====== Dataset content ======

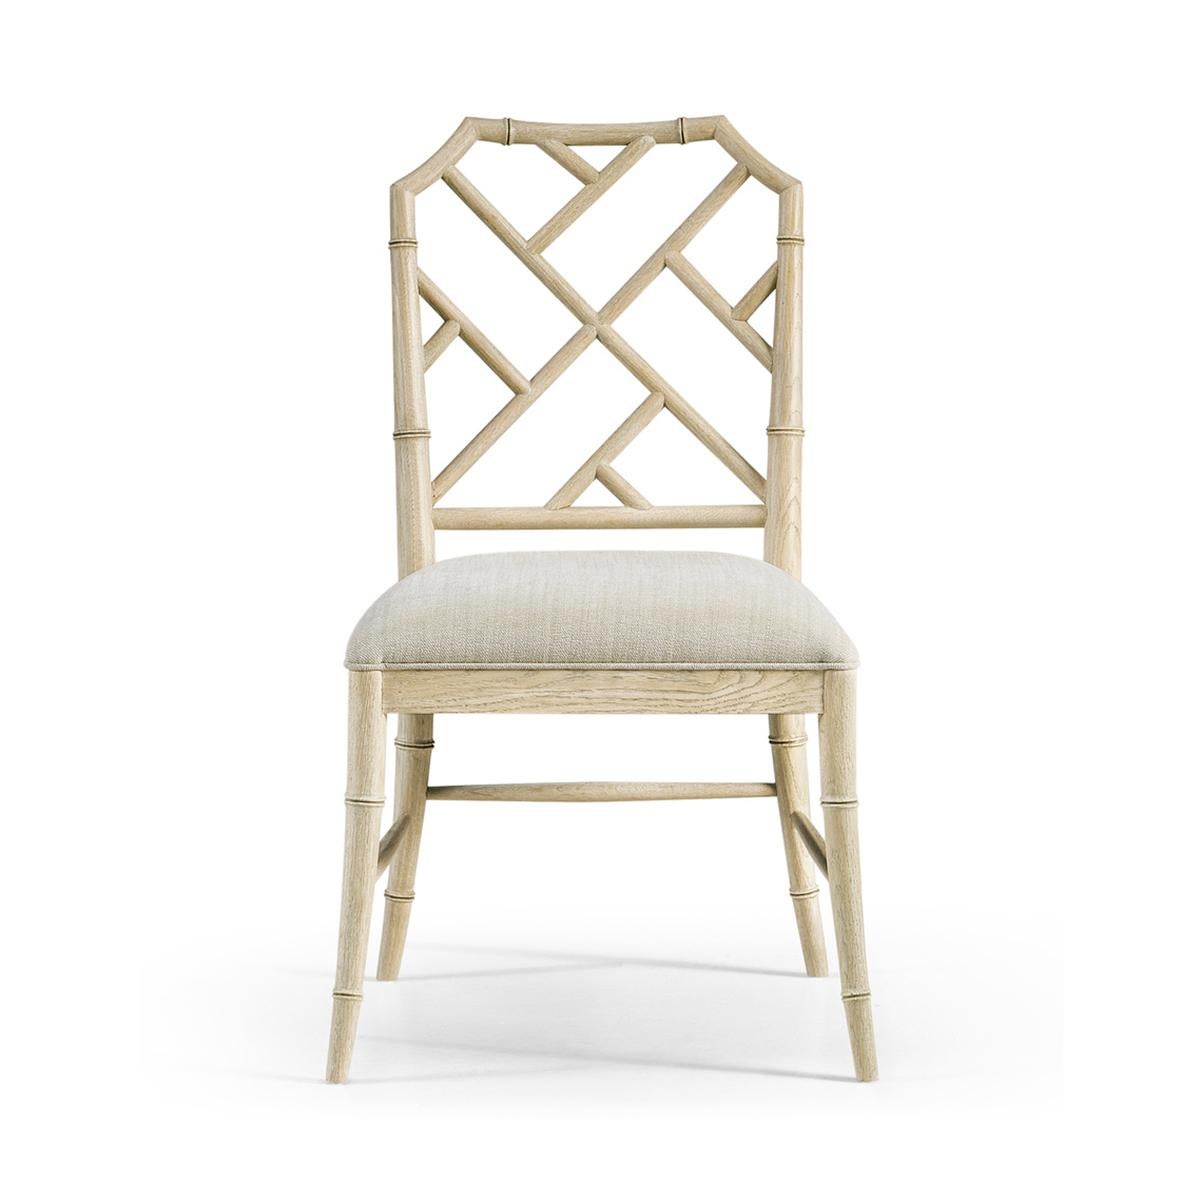 Chippendale Bamboo dining chair, this timeless geometric design lattice back bamboo formed dining side chair in a light oak finish with light distressing. Upholstered in earthy oatmeal performance fabric, the chairs will add comfort and intrigue to
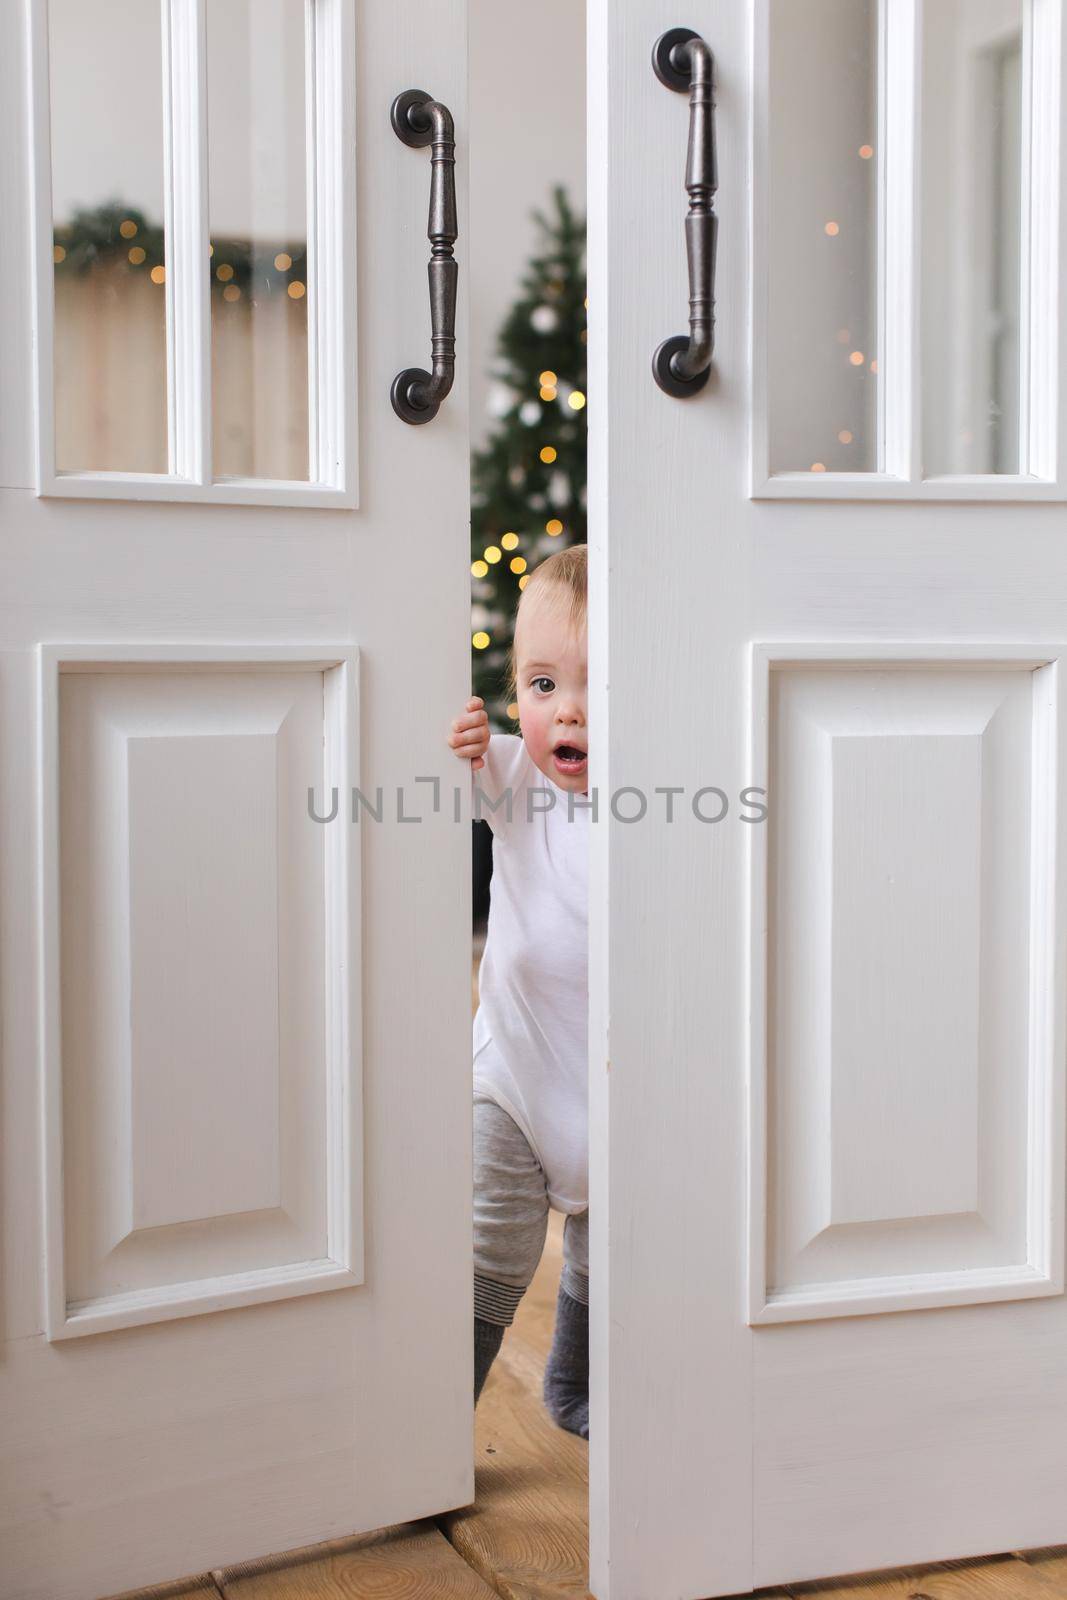 Adorable infant standing in doors looking at camera opens the door and is surprised on background of Christmas tree
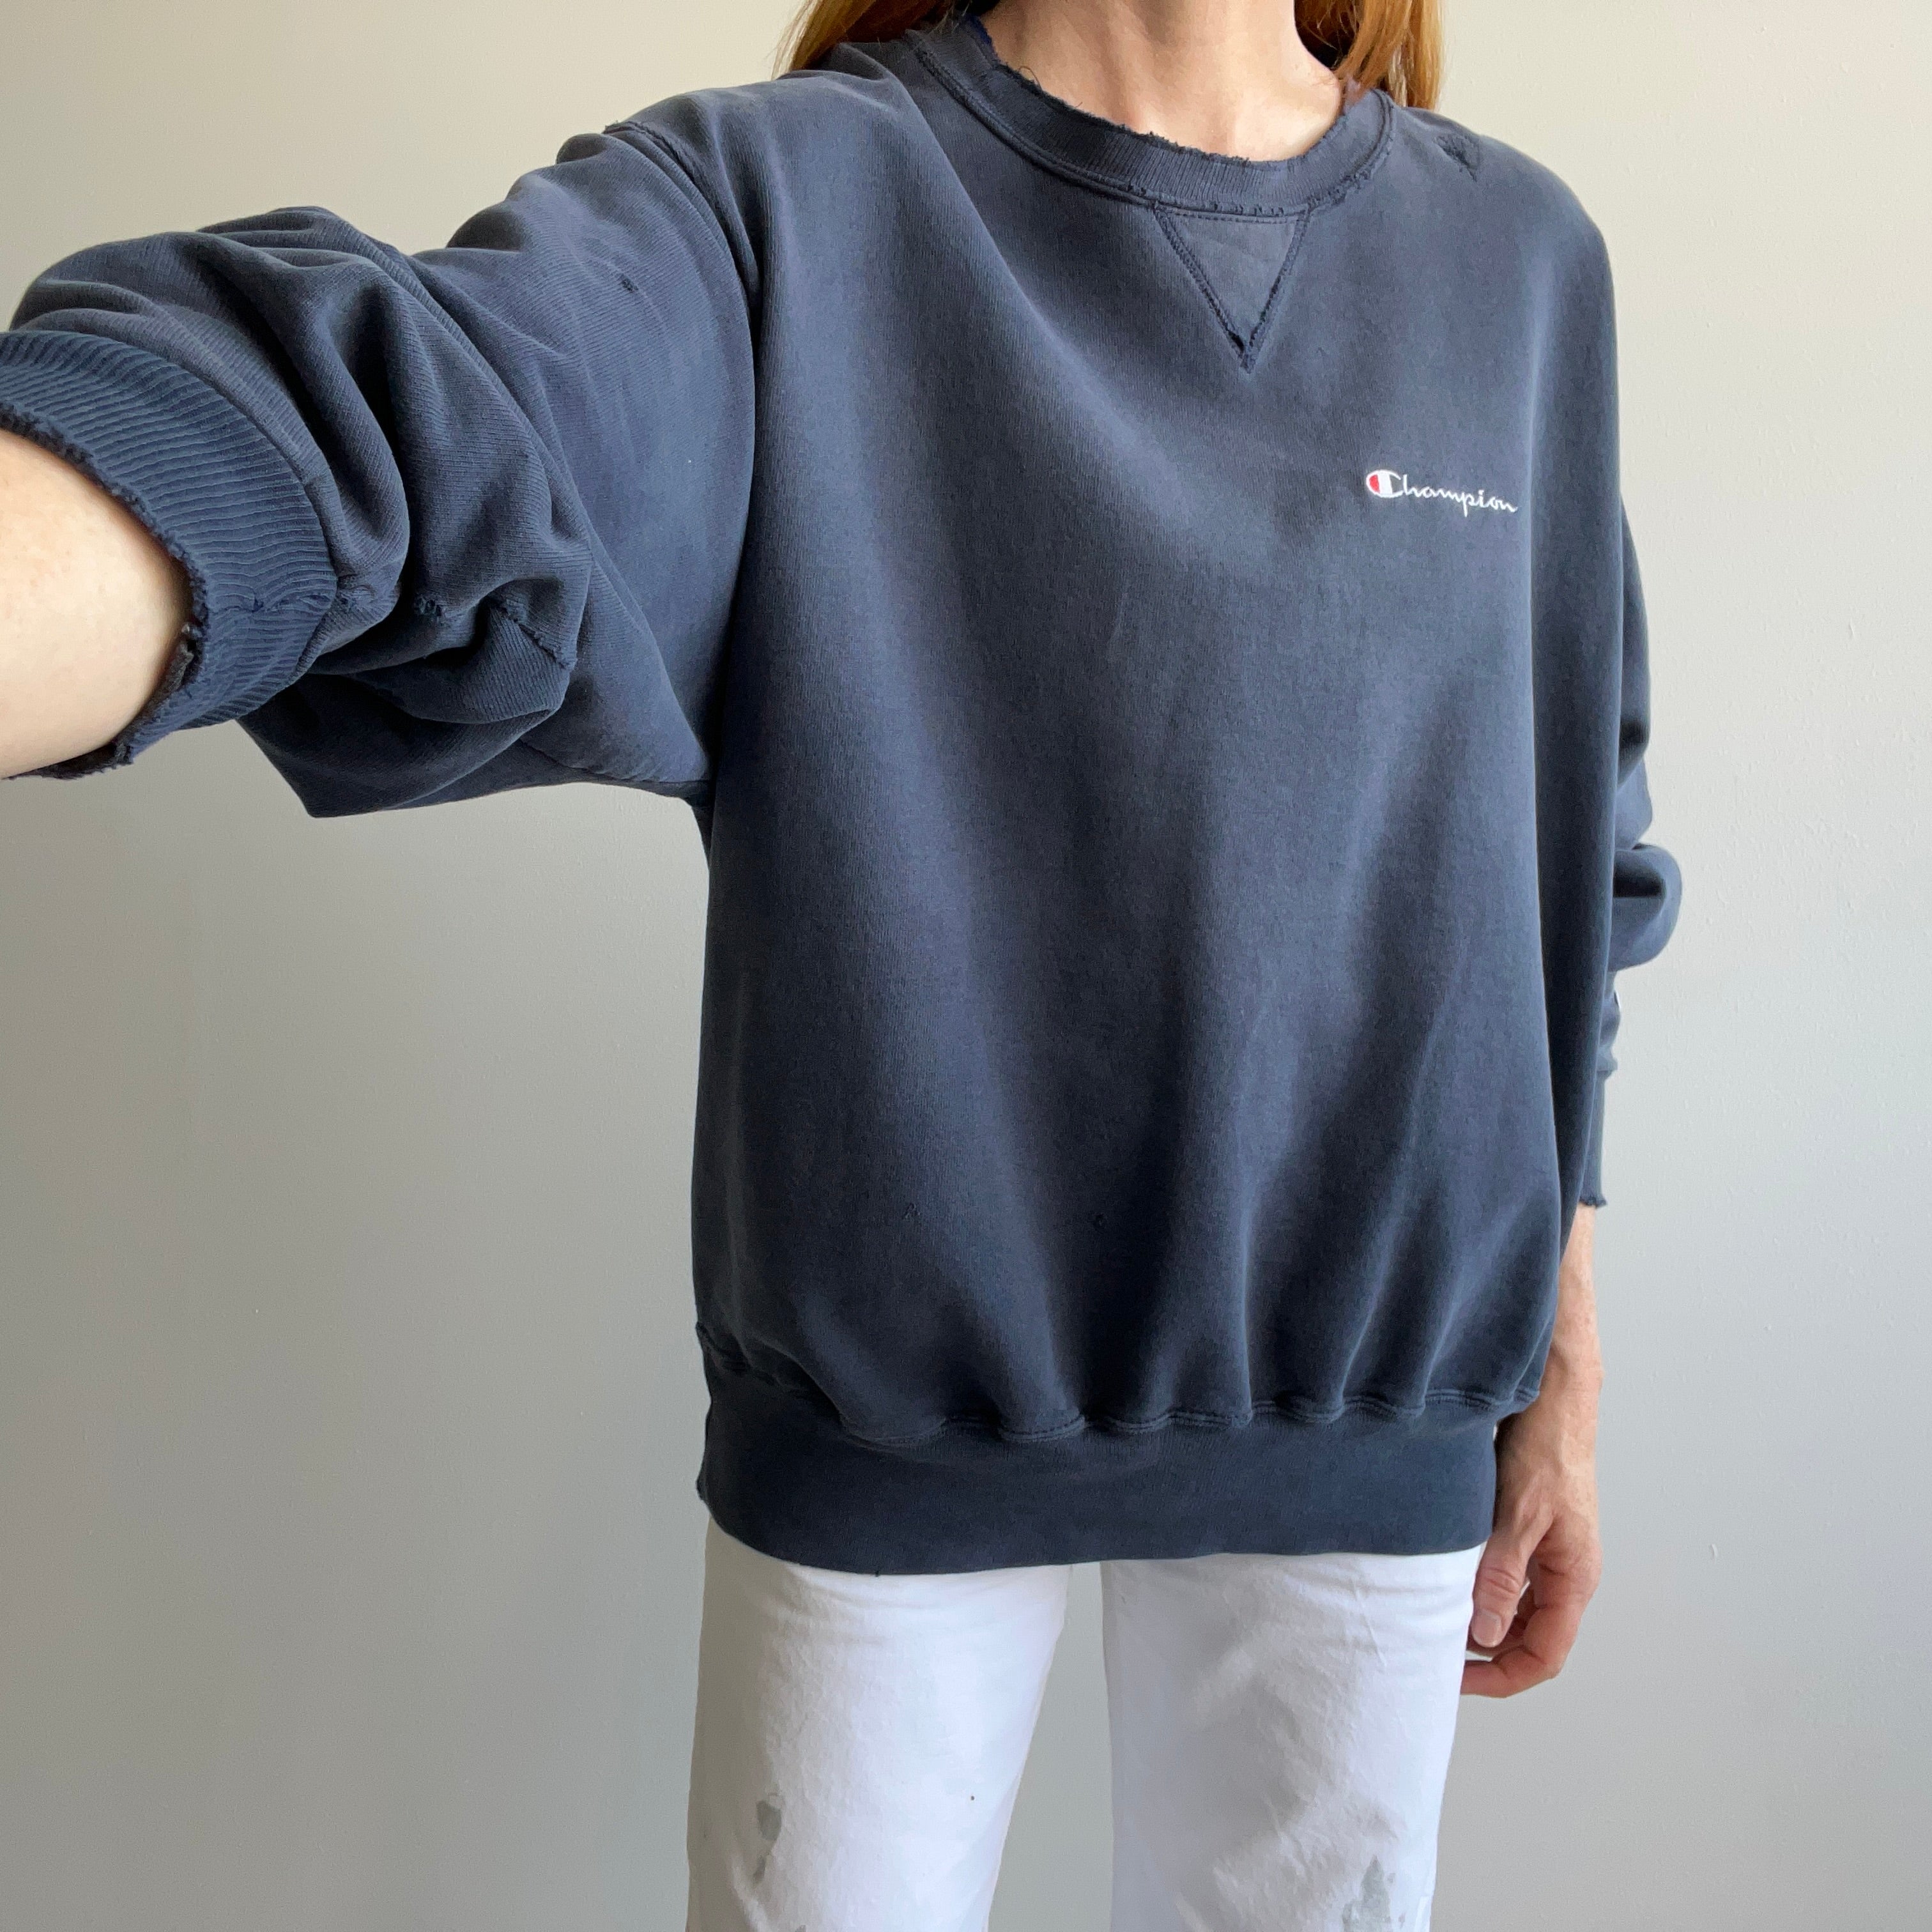 1990/2000s Mended Beyond Faded Tattered and Worn Champion Sweatshirt

======

▶ Work instruction
Write out the whole of the data exactly; the pictures stay out.

▶ Exercise answer
 Chippendale Bamboo dining chair, this timeless geometric design lattice back bamboo formed dining side chair in a light oak finish with light distressing. Upholstered in earthy oatmeal performance fabric, the chairs will add comfort and intrigue to
 Adorable infant standing in doors looking at camera opens the door and is surprised on background of Christmas tree
 1990/2000s Mended Beyond Faded Tattered and Worn Champion Sweatshirt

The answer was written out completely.